A Master’s Voice
The Reformation as seen in the art of Lucas Cranach.
Sep 10, 2012, Vol. 17, No. 48 • By DAVID GELERNTER
The Serpent and the Lamb is not easy to pin down. Officially, it tells the story of Martin Luther’s relations with the eminent painter Lucas Cranach the Elder (1472-1553); Professor Ozment argues that the two men created the Protestant Reformation between them. Luther was the mastermind and Cranach, who became Luther’s publicist, champion, and protector as well as his friend, was indispensable. And Luther and Cranach’s collaboration is only one strand in this richly complex book.
Portrait of Martin Luther, ca. 1540
Cranach is Ozment’s main focus. He has been ill-served (Ozment believes) by art critics and historians, and misunderstood by art lovers. Ozment’s narrative is almost as intricate as a map of Renaissance Germany; Cranach is the sun that makes this great solar system of a book cohere.
As a painter and creator of widely distributed woodcut engravings, Cranach made the images (including the portraits of Luther) that embodied the Protestant revolution in the public mind. Like other eminent artists over the ages, Cranach moved in the best circles: He was the friend and confidant of Frederick the Wise, ruler of the German state of electoral Saxony. (In the jigsaw puzzle of pre-Bismarck Germany, Saxony was split in two. Electoral Saxony—in Cranach’s day the most powerful of the German states—had the right to cast a vote in the election of the Holy Roman emperor.) Cranach smoothed Luther’s path and helped protect him from hostile Catholic powers, including German princes and prelates, the Holy Roman Emperor, and the pope himself. Cranach, the author argues, was Luther’s “gifted partner in reform.” Without him, the Reformation might have failed.

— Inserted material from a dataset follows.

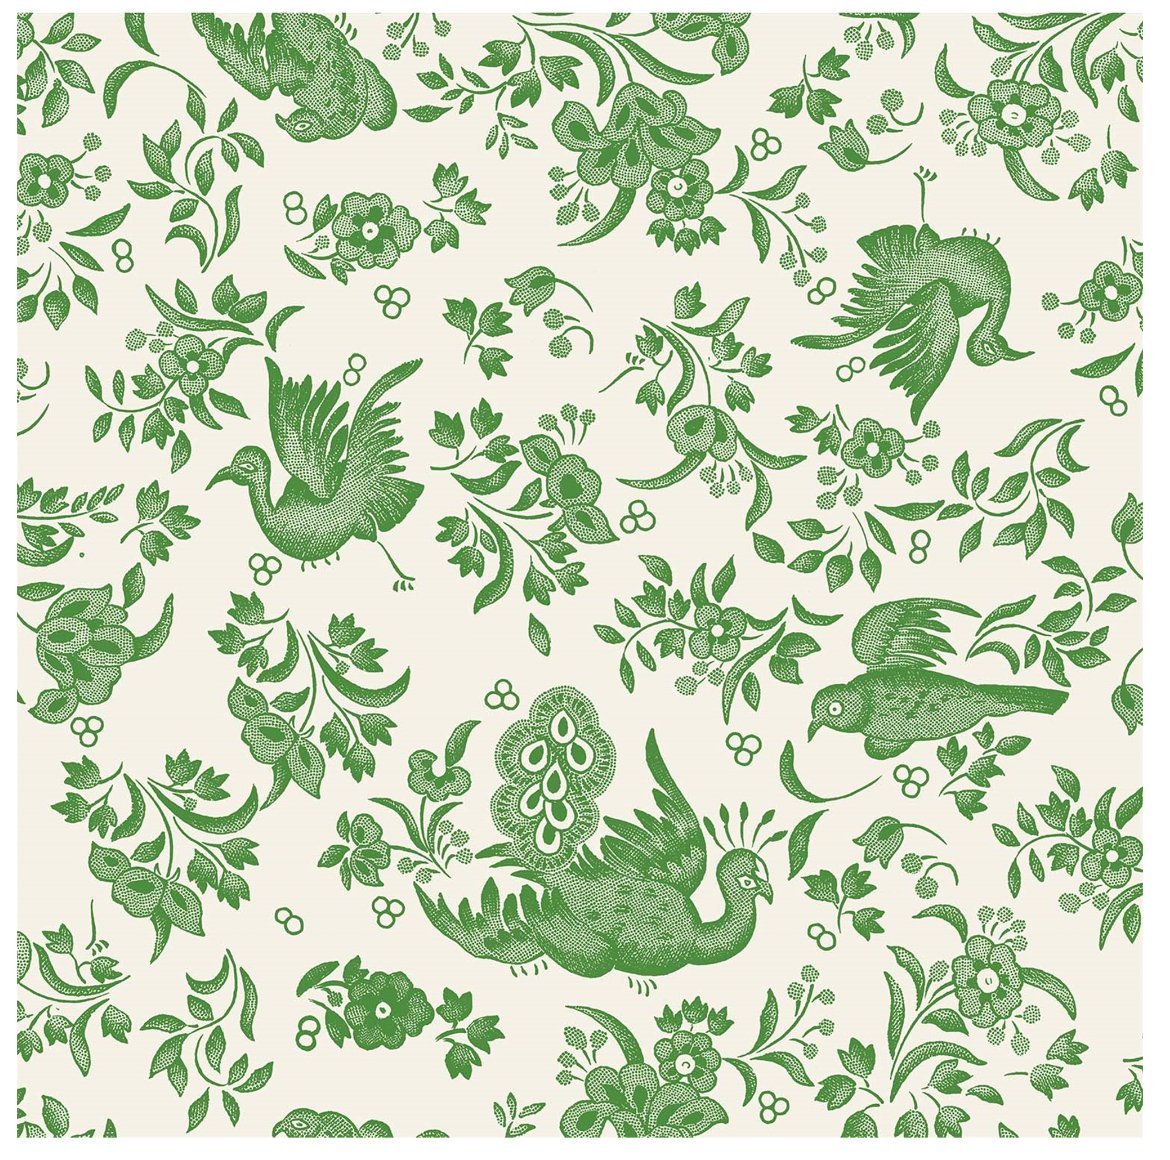 GREEN REGAL PEACOCK COCKTAIL NAPKIN - PACK OF 20 Hester and Cook - Gaines Jewelers

Accordingly, Ozment has composed a concerto grosso of a Cranach biography, with many interleaved themes. One of these is a commentary on Cranach’s most important paintings and engravings. Another fends off the thrusts and sideswipes of Cranach scholars who have got the hero wrong, who see him as second banana to Albrecht Dürer, preeminent German artist of the age, or as a godless mercenary who, insofar as he accepted jobs from Catholics as well as Lutherans, had no real loyalty to anyone but himself. And some regard him as a master of soft porn. (Cranach’s almost-nudes are famous: “Spare, lyrical” women, Ozment calls them, artfully outfitted in hats, necklaces, transparent veils, and other striptease accoutrements.)
While developing these themes, Ozment also compares the ambience of the Reformation in Germany to the Renaissance in Italy. And he defends the historical approach to painting against aesthetic absolutists who see the image as complete in itself, irrespective of historical context. The truth, Ozment insists, is that “civilization is the horse, and the artist only the temporary rider.” (Had Cranach painted Ozment’s portrait, these words would no doubt have appeared in black letters on a scroll unwinding gracefully around his head.) The author discharges all these duties without breaking a sweat.
Cranach was born in the small town of Kronach, where his father was a painter, “although he appears to have been rather more of a craftsman than an artist.” Young Lucas spent several years in cosmopolitan Vienna, but on his way back home in 1504, he was summoned away to the Saxon capital of Wittenbach to be court painter to the ruling prince, Frederick the Wise. This summons, Ozment believes, was partly Dürer’s idea. Dürer (“kind soul that he was”) materializes like a good fairy at several crucial points in Cranach’s life.
Just four years later, Cranach was already part of an important diplomatic mission from Frederick to the emperor. He was firmly established as a major artist and big wheel in Electoral Saxony by 1517, when Luther posted his famous Ninety-Five Theses on what passed for a widely read blog at the time. Cranach helped turn Frederick into Luther’s supporter and protector: To reject the papacy and Roman Catholicism for a radically reformulated biblical religion was a risky career move in Catholic Europe.
Frederick was disposed to be helpful, but Luther had to do his part and make clear that he had no intention of challenging Frederick’s rule in Saxony. Ozment reproduces a fascinating pair of Cranach engravings that underline the point: two portraits of Luther, both done in 1520. The same face appears in both, seen from almost the same angle. But the first presents Luther as the heroic, chisel-jawed supermonk, whose tonsure fits him like a Roman emperor’s wreath. In the second, Luther has been toned down (with a change of outfit, accent lines, and surroundings) into a mild-mannered Clark Kent, cub theologian. Frederick preferred version two. Engravings at the time were widely distributed, history’s first medium for large-scale propaganda.